The aim of the study was to explore the effects of high-dose fructo-oligosaccharides (FOS), a component of FODMAP, on visceral sensitivity, inflammation, and production of intestinal short-chain fatty acids (SCFA) using an IBS mouse model. FOS administration intensified visceral hypersensitivity and gut inflammation already present in the stress-induced IBS mice, but not in the control mice, and was also associated with increased cecal SCFA production. The results provide a biologic framework for FODMAP-induced IBS symptoms that supports the application of low FODMAP therapy in clinical practice.

Research methods

The effects of FOS on visceral sensitivity, SCFA production, and intestinal inflammation were examined by using a water avoidance stress (WAS)-induced IBS mouse model. Mice were randomly assigned to receive daily WAS or sham-WAS for 10 d while receiving daily oral gavage of saline solution with or without high-dose FOS. After 2 wk, visceral sensitivity was measured by abdominal withdrawal reflex in response to colorectal distension and mucosal inflammation was measured by histologic analyses. Furthermore, intestinal SCFA production, cytokine expression, and mast cell counts were evaluated.

Research results

FOS administration intensified visceral hypersensitivity, increased mucosal mast cell counts, and mediated intestinal cytokine expression in the stressed-induced IBS mice, but not in the control mice. A parallel increase in cecal SCFA levels was also observed with FOS administration in the IBS mice but not in the control mice. These findings suggest that visceral hypersensitivity and gut inflammation intensified by FODMAP diet may lead to worsening IBS symptoms.
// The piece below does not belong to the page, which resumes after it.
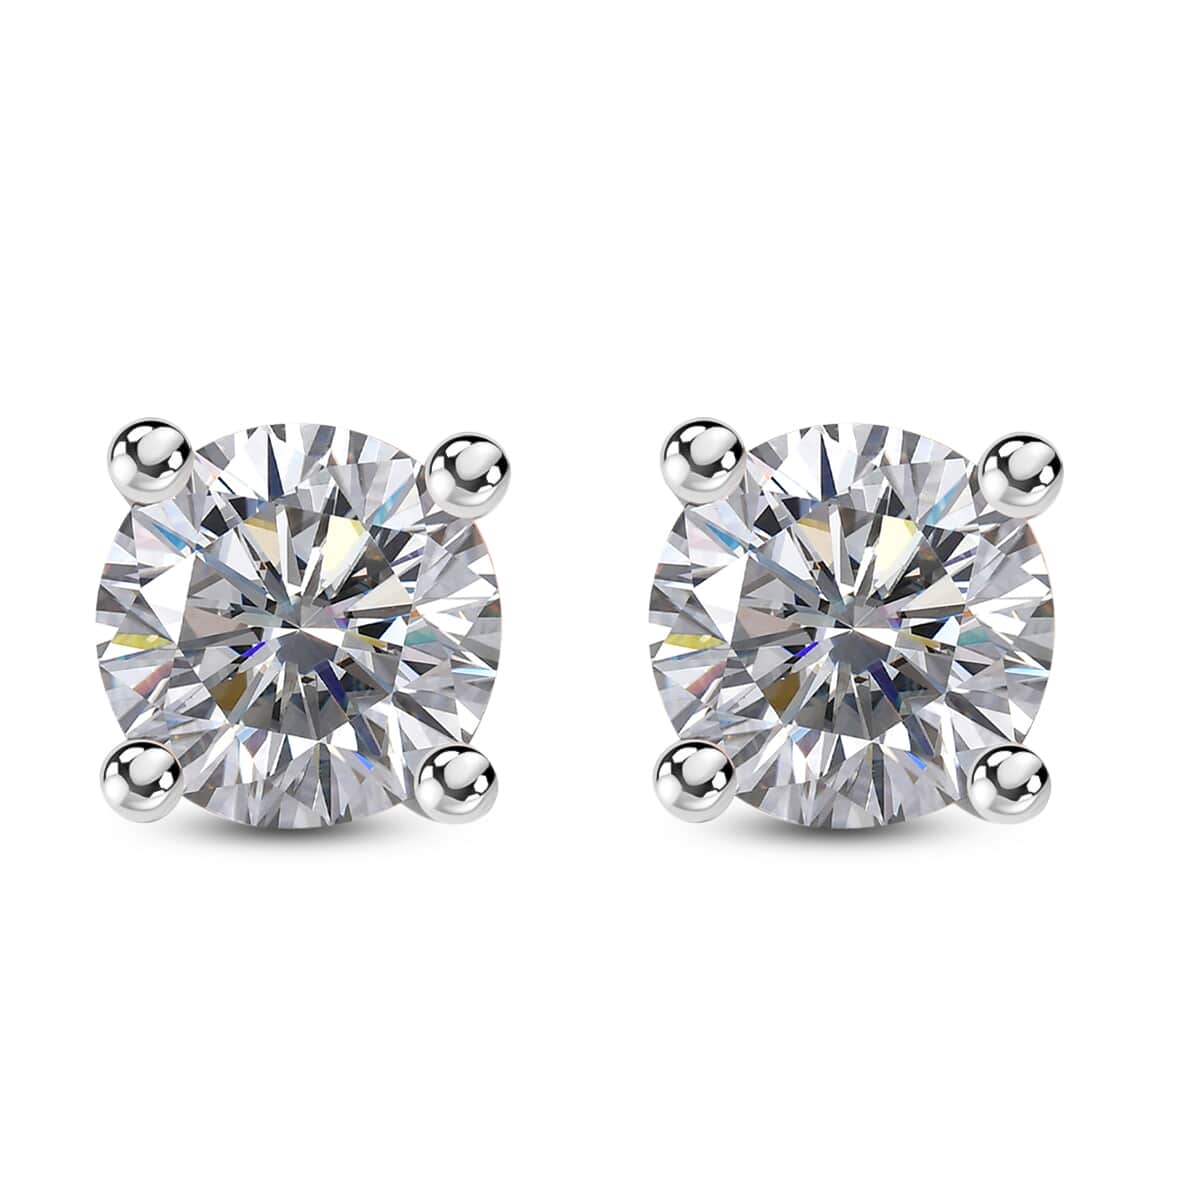 Emperor Cut Moissanite Solitaire Stud Earrings in Platinum Over Sterling Silver, Stud Earrings, Moissanite Studs, Anniversary Gifts For Her 1.60 ctw image number 0
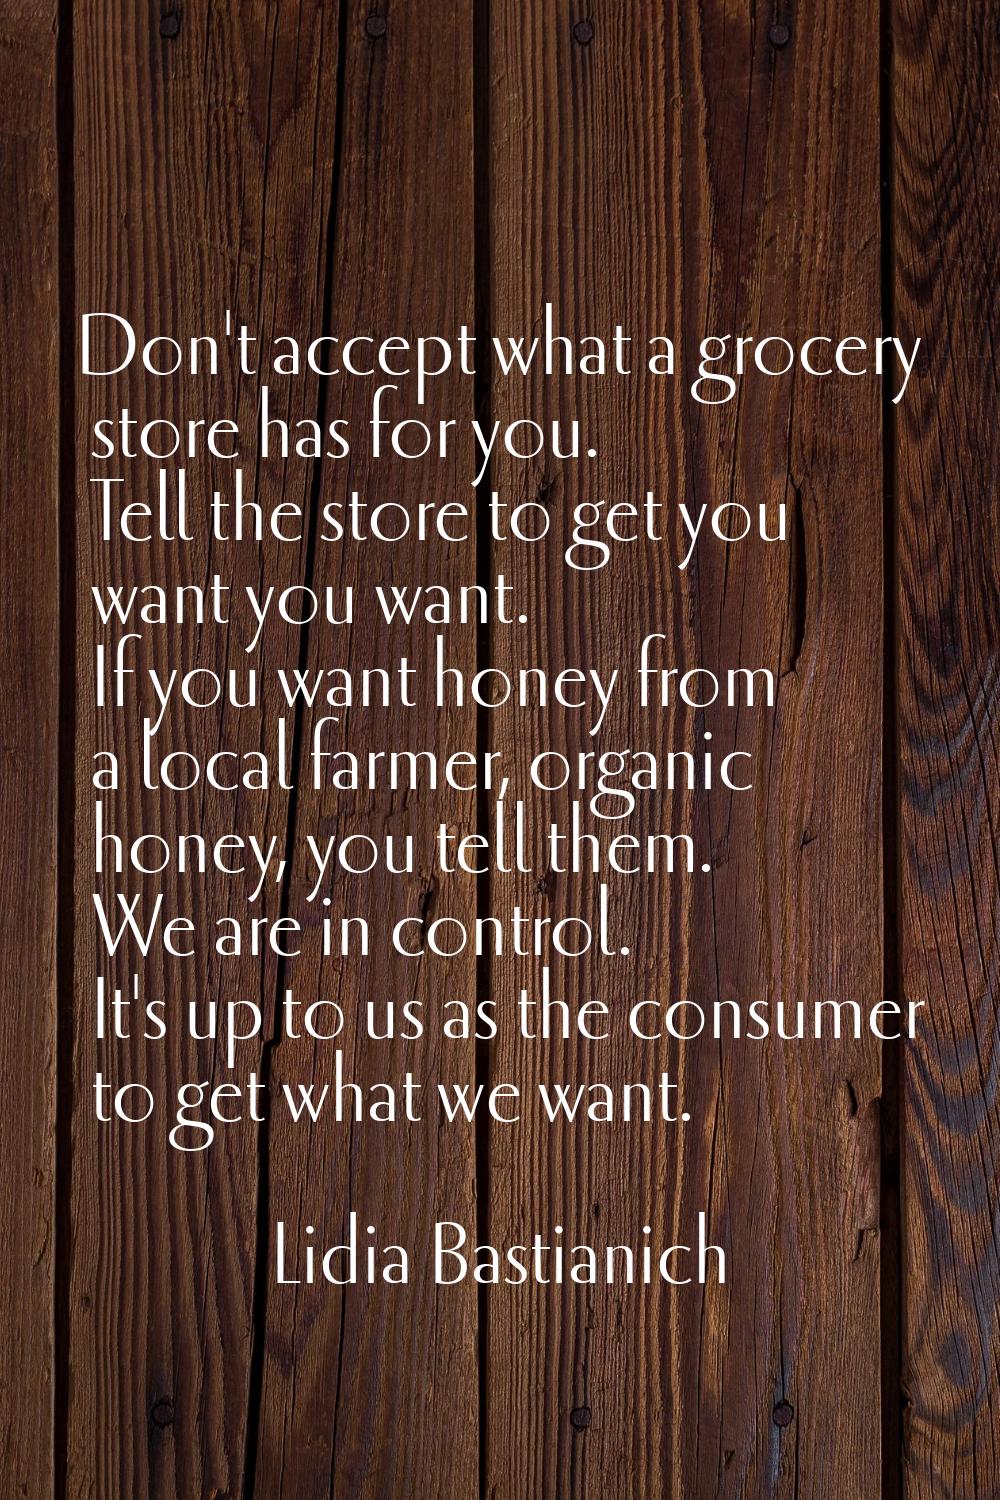 Don't accept what a grocery store has for you. Tell the store to get you want you want. If you want

Examining the effects of other FODMAP components other than FOS on visceral hypersensitivity and immune activation, as well as, detailed molecular mechanism may be invaluable in future studies.

Research conclusions

Administration of high-dose FOS, a component of FODMAP, intensified visceral sensitivity and intestinal inflammation in a stress-induced IBS mouse model, and was also associated with increased production of SCFA. These findings suggest a mechanism of FODMAP-induced gastrointestinal symptoms specific to IBS and are consistent with clinical studies that demonstrate the efficacy of low-FODMAP diet in treatment of individuals with IBS.

Research perspectives

The importance of dietary factors in triggering symptoms is increasingly being recognized in patients with IBS. FOS administration intensifies visceral hypersensitivity and gut inflammation in stress-induced IBS mice, and is also associated with increased intestinal SCFA production.